In the end, maybe just due to he path of least resistance, I just went along with it and the ceremony moved on to the next agenda item before I had fully wrestled with what this meant, what it implied and how I should react.  

I was later called on to speak and it was difficult.  I was struggling a bit, and then in some way that I am culturally blind to, it 'became time' to serve the Fanta, so while I was talking about Jeannette and the ongoing impact she'll have on me and girls in Eleanor Roosevelt, someone was walking around with an opener and a crate asking "Orange, Citron or Coca?" and that somehow made it all so much easier.  This is sad, and grief is grief, but there is Fanta to be had so we will have it now thank you.  Life goes on.

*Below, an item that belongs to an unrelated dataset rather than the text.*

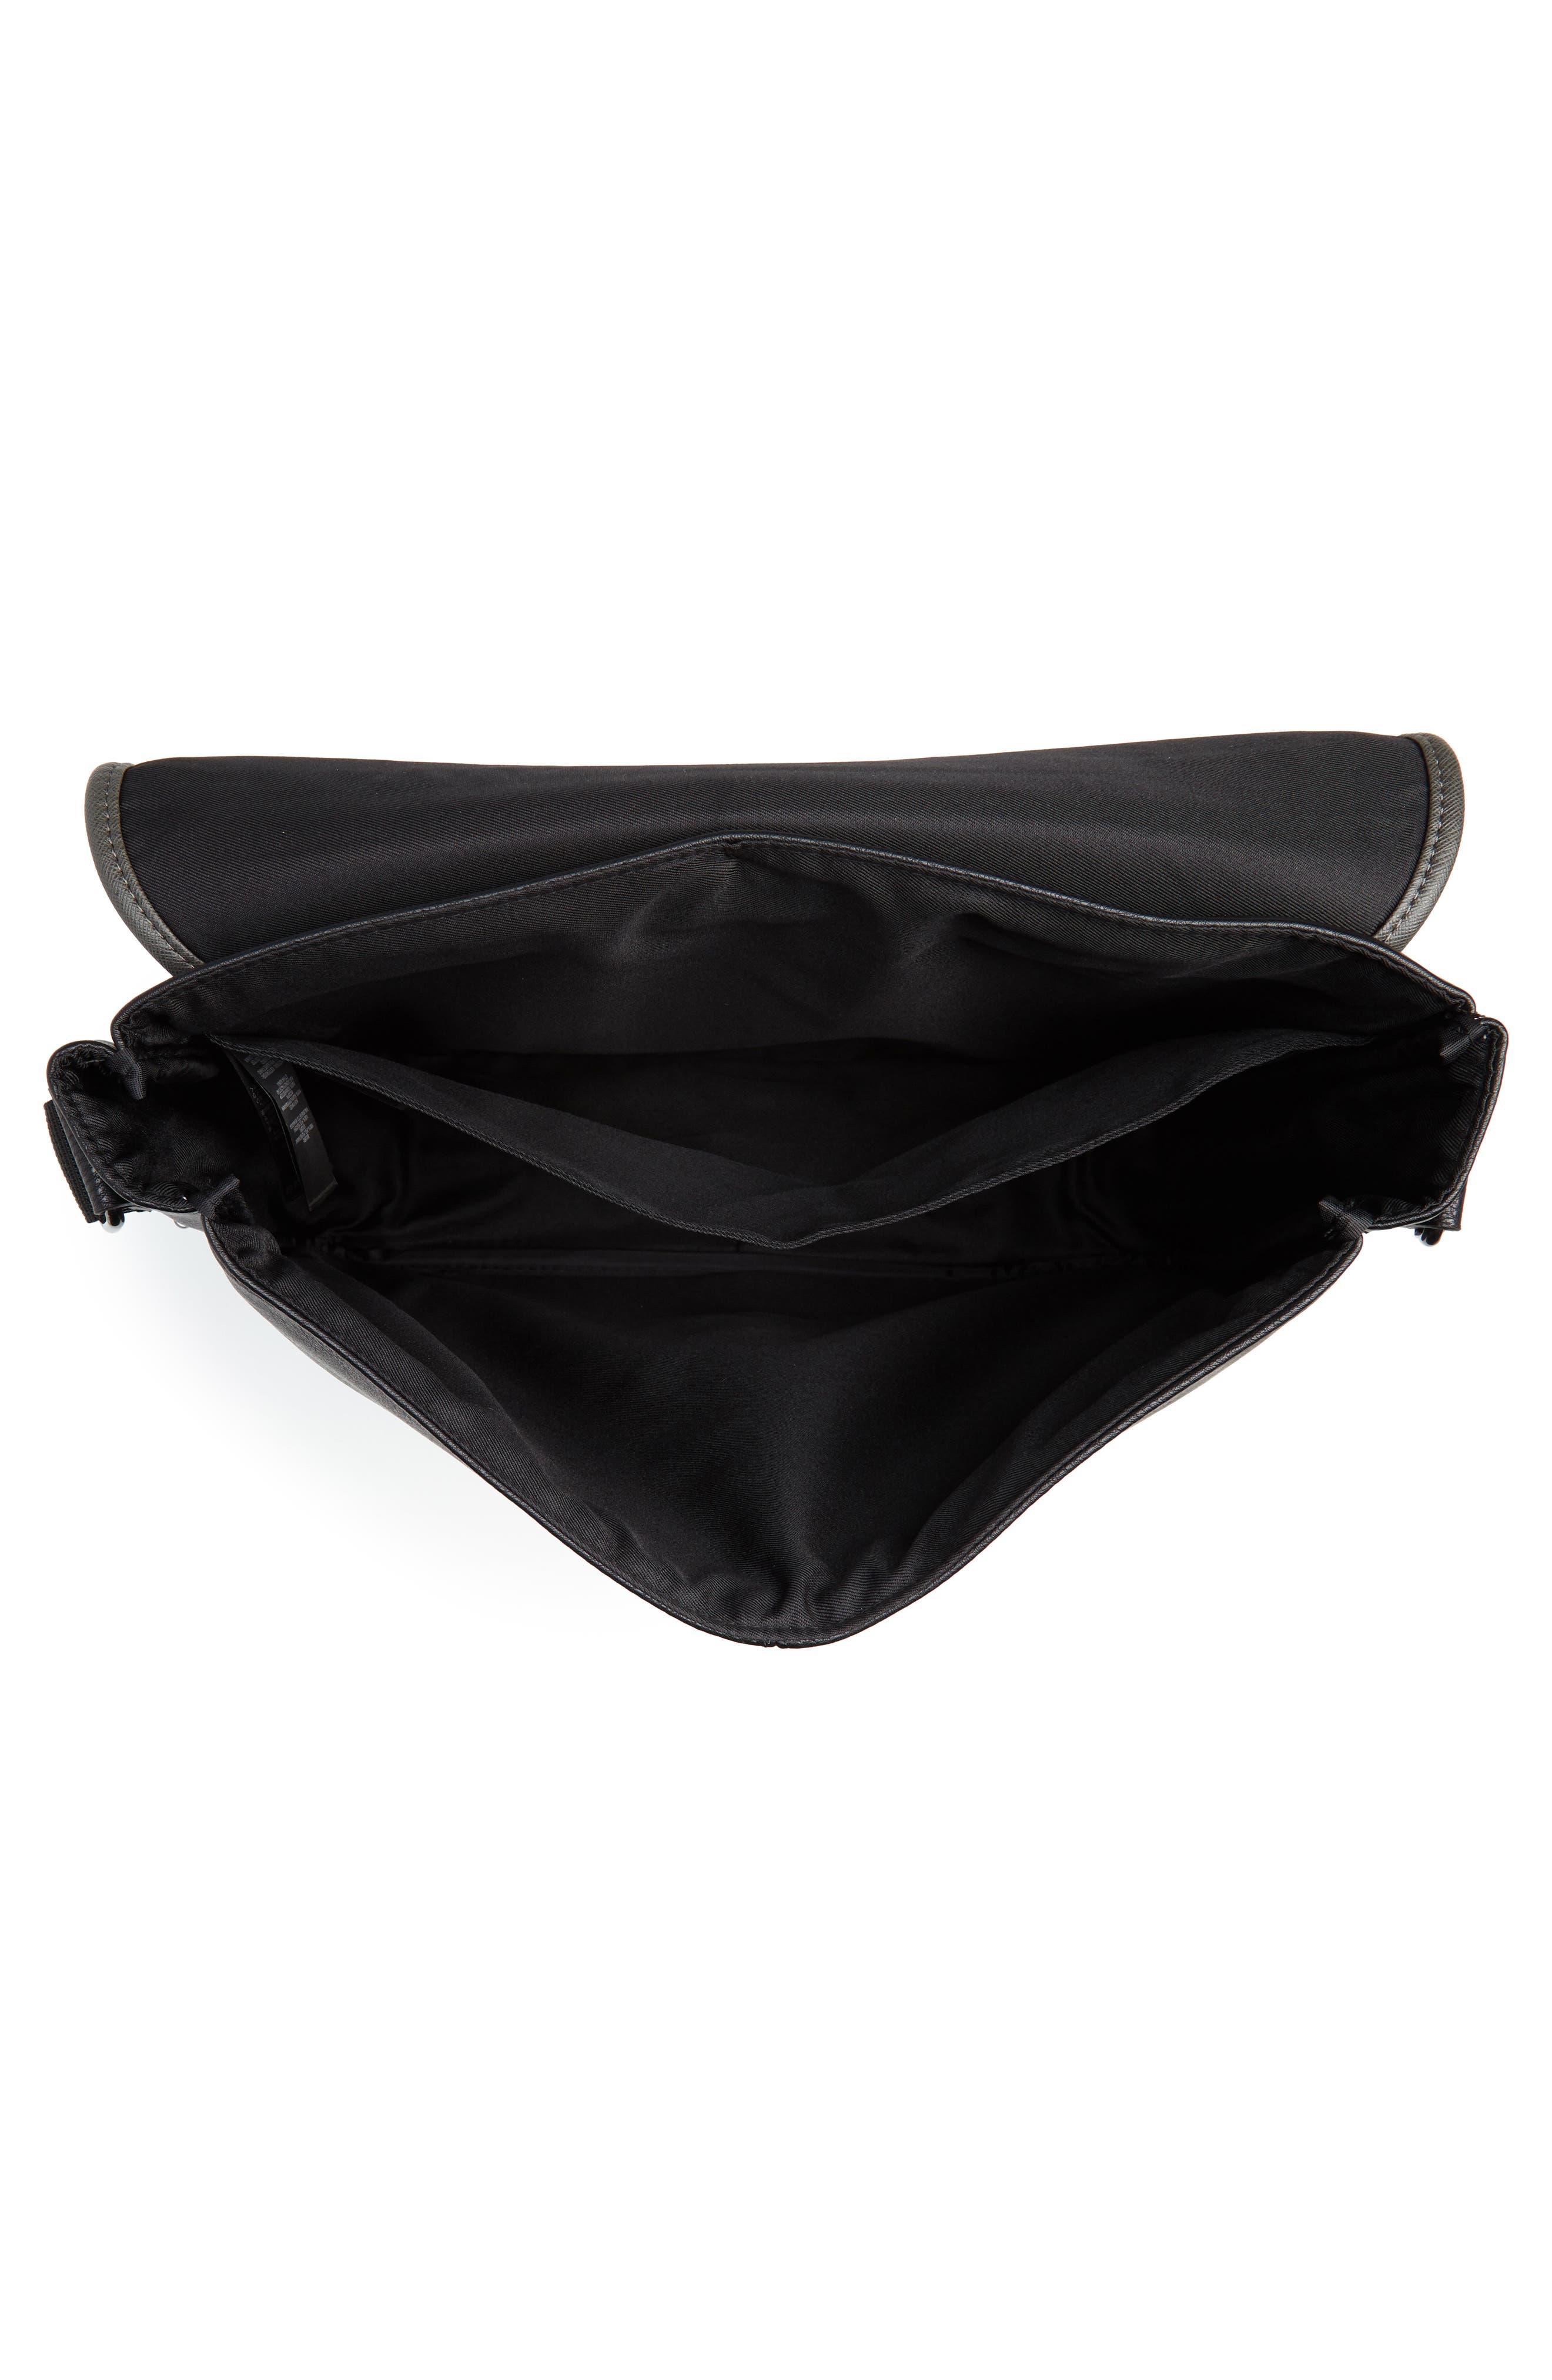 Kingcol Faux Leather Messenger Bag,                             Alternate thumbnail 6, color,                             Black

In the end, as sad as the girls seemed, it is probably healthy for them to have some ceremony to commemorate Jeannette's death and to be able to participate.  Hopefully this was a purposeful step in the grieving process. 

Here's the Before:

And a few of the After:

The new gravesite is finished in concrete that will hold up much better in the Rwandan rainy seasons.

The large cement cross has a space for a photo you might recognize:

The ride home was long and hot and cramped and the girls were tired.  I was tired. I am tired.  I am going to bed.